1. Input: [seq_value, seq_len] : sequence의 value와 길이를 나타내는 ??두 텐서의 리스트
    - seq_value : `(batch_size, T, embedding_size)`
    - seq_len : `(batch_size, 1)`

2. Output: `(batch_size, 1, embedding_size)`의 3D tensor
    - 풀링연산 한 뒤 3차원으로 바꾼 것인가??

3. Arguments
    - mode: 풀링 연산 종류(mean, max, sum)
    - supports_masking: `True`일 경우, 마스킹 가능해야 함.

<br>

 masking 가능 여부에 따라서 달라진다. masking support할 거면 직접 mask 만들어주고 차원 확장해주고, 그게 아니면 인자로 받은 것에서 tensorflow 내장 함수 이용해서 sequence_mask 만들고 축만 바꿔주면 되는 듯. tile 함수 통해서 마스킹하는 과정은 기존에 살펴 본 마스킹과 동일. 0에 가까운 수를 곱해서 빼준다.

<br>

 축 확장해서 3차원으로!

In [24]:
from tensorflow.keras.layers import Layer
import tensorflow as tf

class SeuqencePoolingLayer(Layer):

    def __init__(self, mode='mean', supports_masking=False, **kwargs):

        if mode not in ['sum', 'mean', 'max']:
            raise ValueError("풀링 연산은 sum, mean, max 중 하나여야 함.")
        self.mode = mode
        self.eps = tf.constant(1e-8, dtype=tf.float32)
        super(SequencePoolingLayer, self).__init__(**kwargs)
        
        self.supports_masking = supports_masking
    
    def build(self, input_shape):
        if not self.supports_masking:
            self.seq_len_max = int(input_shape[0][1])
        super(SequencePoolingLayer, self).build(input_shape) # call해야 함에 주의.
    
    def call(self, seq_value_len_list, mask=None ,**kwargs):
        if self.supports_masking:
            if mask is None:
                raise ValueError("supports_masking 옵션이 True일 때는 input이 masking가능해야 함.")
            uiseq_embed_list = seq_value_len_list
            mask = tf.cast(mask, dtype=tf.float32) # tf.to_float(mask)
            use_behavior_length = reduce_sum(mask, axis=-1, keep_dims=True)
            mask = tf.expand_dims(mask, axis=2)
        else:
            uiseq_embed_list, user_behavior_length = seq_value_len_list
            mask = tf.sequence_mask(user_behavior_length, self.seq_len_max, dtype=tf.float32)
        
        embedding_size = uiseq_embed_list.shape[-1]
        mask = tf.tile(mask, [1, 1, embedding_size])

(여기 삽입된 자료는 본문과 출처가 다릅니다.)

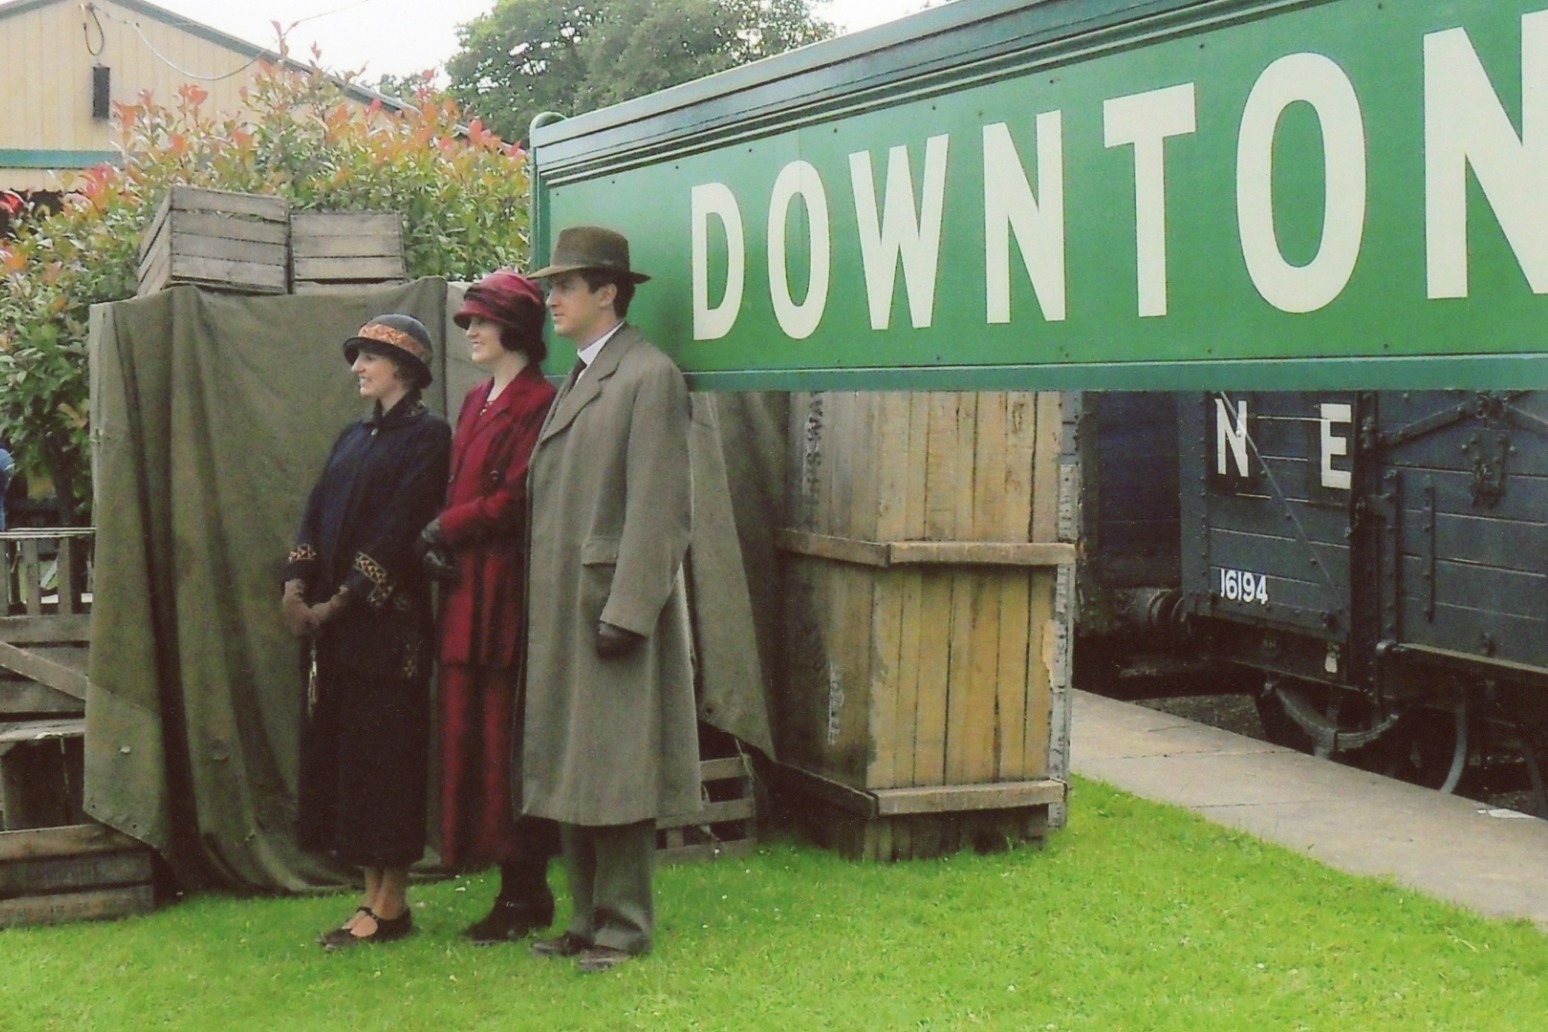 Downton Abbey sequel gets official title

        if self.mode == 'max':
            hist = uiseq_embed_list - (1-mask) * 1e9
            return reduce_max(hist, 1, keep_dims=True)
        
        if self.mode == 'mean':
            hist = div(hist, tf.cast(user_behavior_length, dtype=tf.foat32) + self.eps)
        
        hist = tf.expand_dims(hist, axis=1)
        return hist
    
    def compute_output_shape(self, input_shape):
        if self.supports_masking:
            return (None, 1, input_shape[-1])
        else:
            return (None, 1, input_shape[0][-1])
    
    def compute_mask(self, inputs, mask):
        return None
    
    def get_config(self, ):
        config = {'mode': self.mode,
                  'supports_masking': self.supports_masking}
        base_config = super(SequencePoolingLayer, self).get_config()
        return dict(list(base_config.items())) + list(config.items())

## WeightedSequenceLayer

> 원래 layers.sequence에 있음.


 Keras layer를 상속받는다. 가변 길이의 sequence나 multi-value 피쳐에 대해 weight score를 적용한다.
 
1. Input: [seq_value, seq_len, seq_weight] : sequence의 value와 길이, weight를 나타내는 세 텐서의 리스트.
    - seq_value: `(batch_size, T, embedding_size)`
    - seq_len: `(batch_size, 1)`
    - seq_weight: `(batch_size, T, 1)`

2. Output: `(batch_size, 1, embedding_size)`의 3D tensor
    - 풀링연산 한 뒤 3차원으로 바꾼 것인가??

3. Arguments
    - weight_normalization: weight 적용 전에 normalize할 것인지 여부.
    - supports_masking: `True`일 경우, 마스킹 가능해야 함.

<br>

 masking 가능 여부, weight_normalization 여부에 따라서 달라진다. weight_normalization은 softmax. 

In [25]:
class WeightedSequenceLayer(Layer):

    def __init__(self, weight_normalization=True, supports_masking=False, **kwargs):
        super(WeightedSequenceLayer, self).__init__(**kwargs)
        self.weight_normalization = weight_normalization
        self.supports_masking = supports_masking

    def build(self, input_shape):
        if not self.supports_masking:
            self.seq_len_max = int(input_shape[0][1])
        super(WeightedSequenceLayer, self).build(input_shape) # call해야 함에 주의.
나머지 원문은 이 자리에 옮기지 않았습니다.